In fact, studies clearly show that vegans run a higher risk of having inadequate blood levels of vitamin D, long-chain omega-3s, vitamin B12, iodine, calcium, iron, and zinc.
If you are not getting enough of these nutrients, it is worrisome. The condition is even worse in the case of small children and in women who are breastfeeding. Because their nutrient requirements are generally higher, it could pose a serious threat to their condition.
Your ability to derive nutrients from a vegan diet will also depend on the gut bacteria in you and your genetic makeup. To minimize the likelihood of nutritional deficiency, limit the amounts of processed vegan foods you consume.
Fortified foods enriched with vitamin B12, vitamin D, and calcium must be consumed on a daily basis so that your recommended daily intake is not affected.
Avoiding tea or coffee with meals and adding vitamin C along with iron rich foods will also boost iron absorption.
Supplements for a vegan diet
Vegans may need to consider supplements to help ensure that their nutritional needs are met. The following supplements can be highly beneficial:
- Vitamin B12: Vitamin B12 in a particular form (cyanocobalamin) seems to help do away with vitamin B deficiency in most vegans
- Vitamin D:Vitamin D2 or D3, such as those manufactured by top brands.

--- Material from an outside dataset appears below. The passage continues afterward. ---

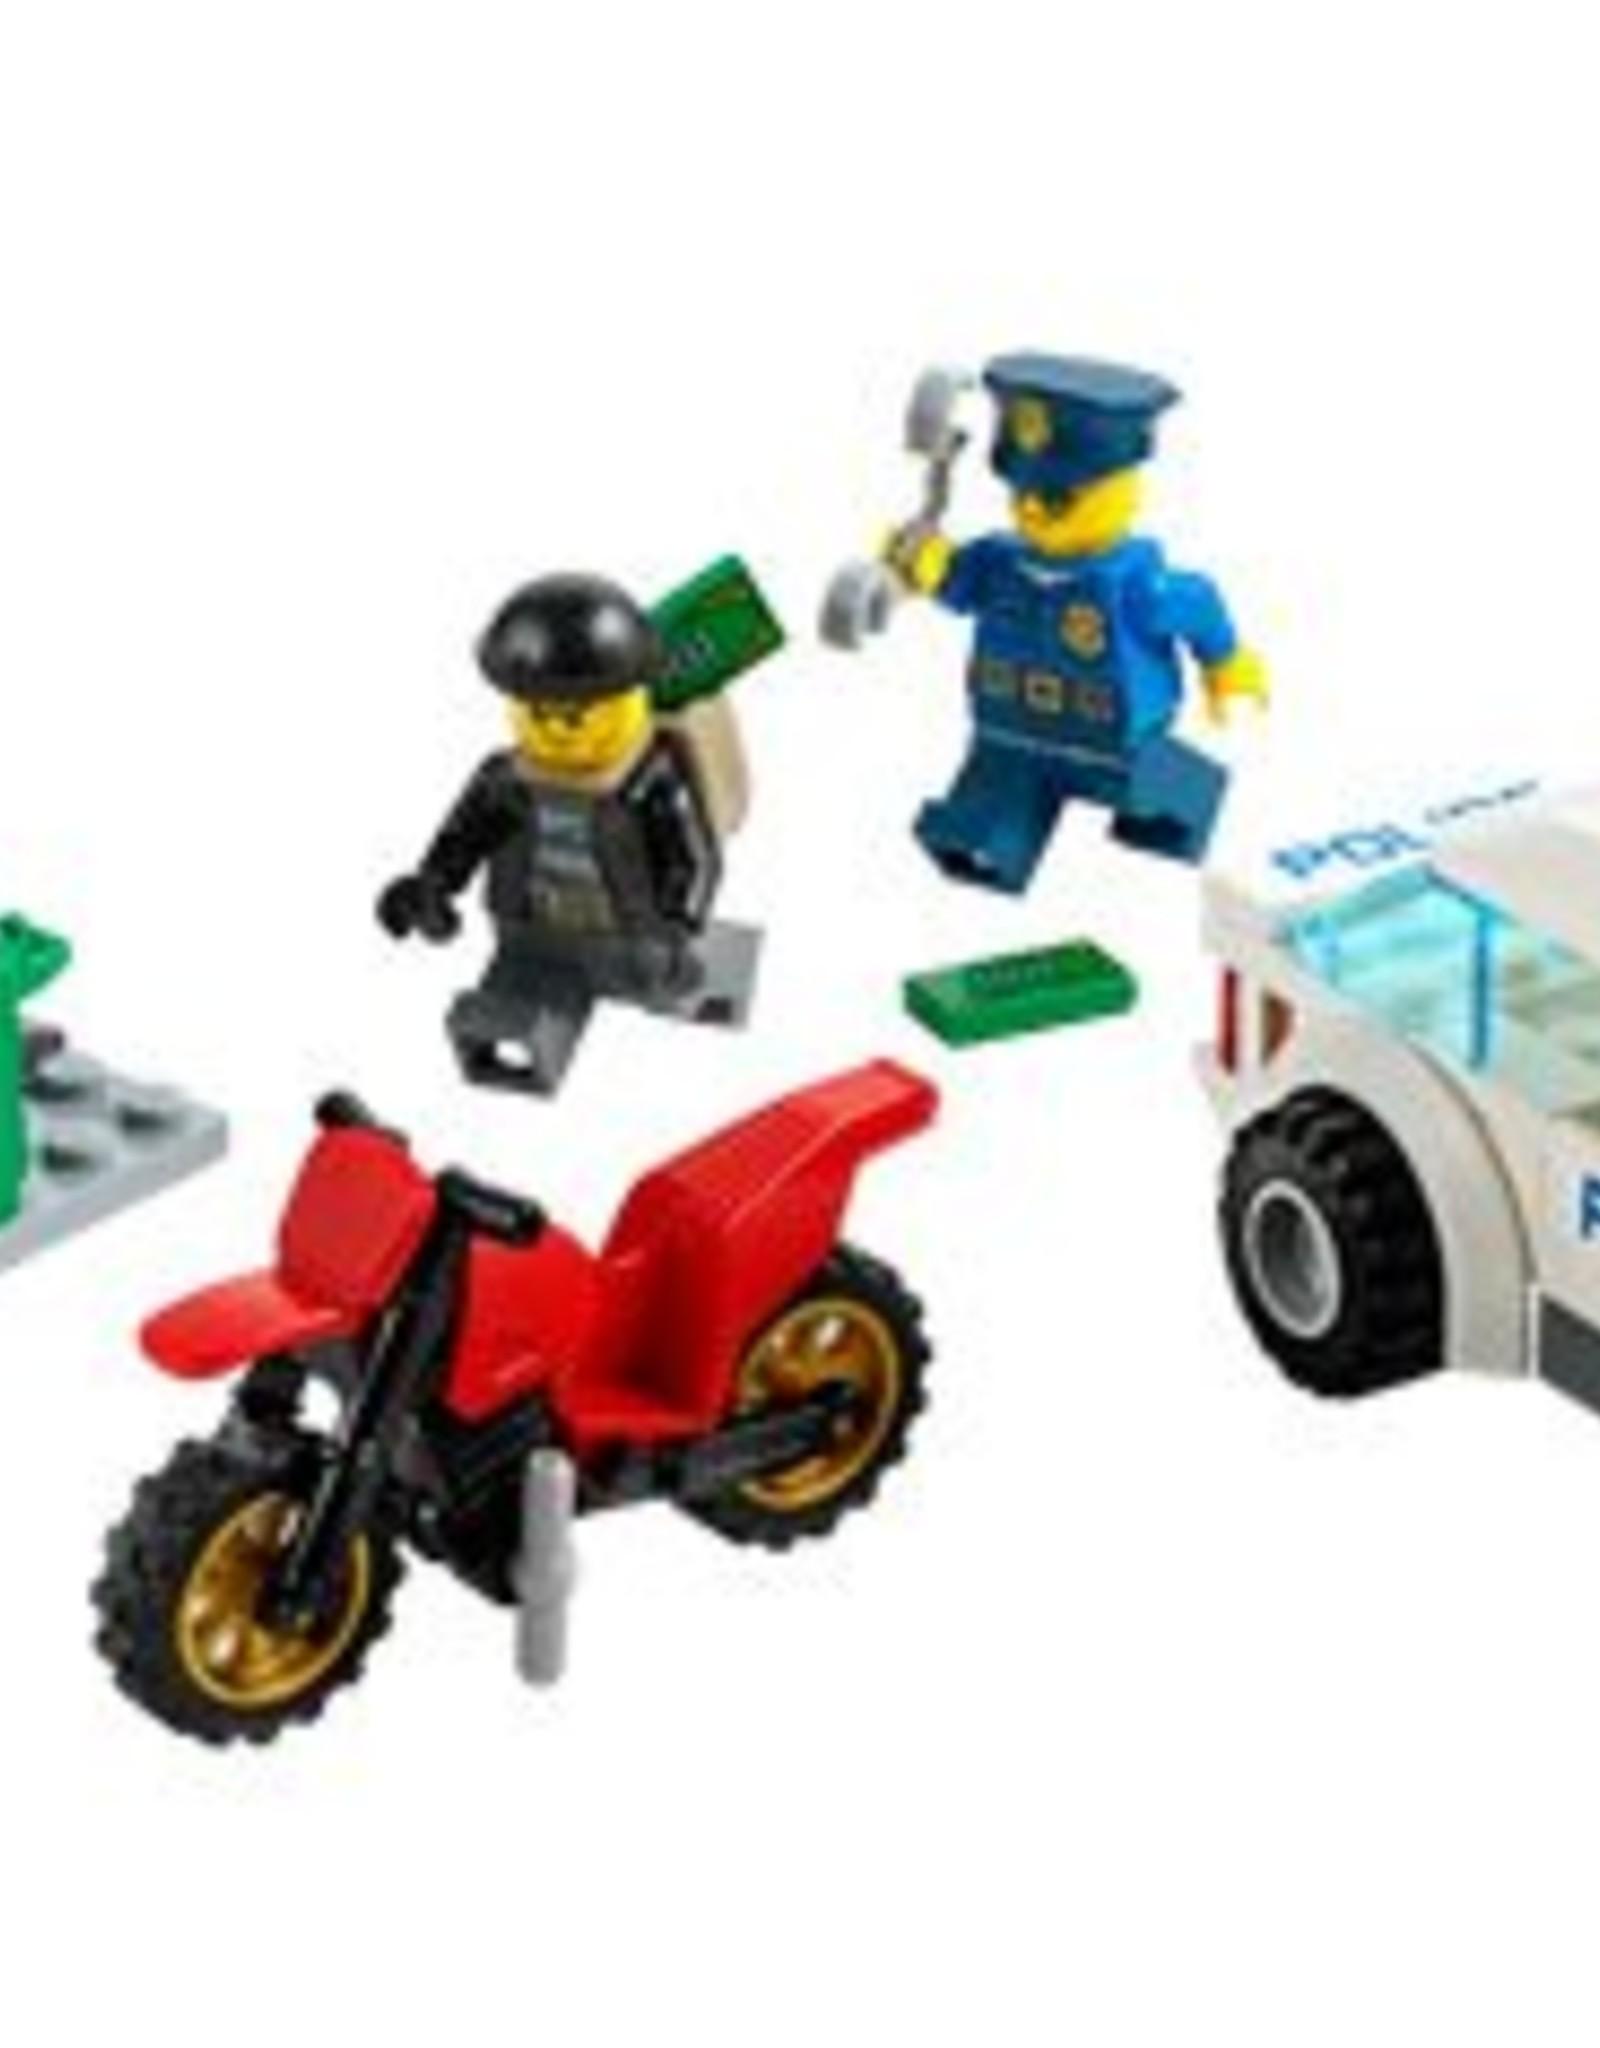 LEGO LEGO 60042 Boevenjacht met 2 crossmotors CITY

- EPA and DHA: Both are sourced from algae oil.
- Iron: Take iron supplements only if the diet does not contain enough leafy greens. Take care as to the quantity of iron you take, as ingestion of too much iron can harm the body.
- Iodine: If you are deficient in iodine, add iodized salt to the diet, or take iodine supplements.
- Calcium: Take calcium in doses of 500 mg or less at a time. Taking calcium along with iron and zinc reduces its absorption.
- Zinc: It is normally taken as zinc gluconate or zinc citrate. It is not to be taken at the same time as calcium supplements.
The vegan diet is a result of a benevolent outlook, driven by compassion for other creatures and a greater desire to also do the environment well. It has been gaining popularity in recent times and there are today several different types of vegan diets. They are all free of animal products and each has its own perceived value to the one following it. Since vegan diets can sometimes lead to nutritional deficiencies, it would be a good idea to supplement the diet with important minerals and nutrients.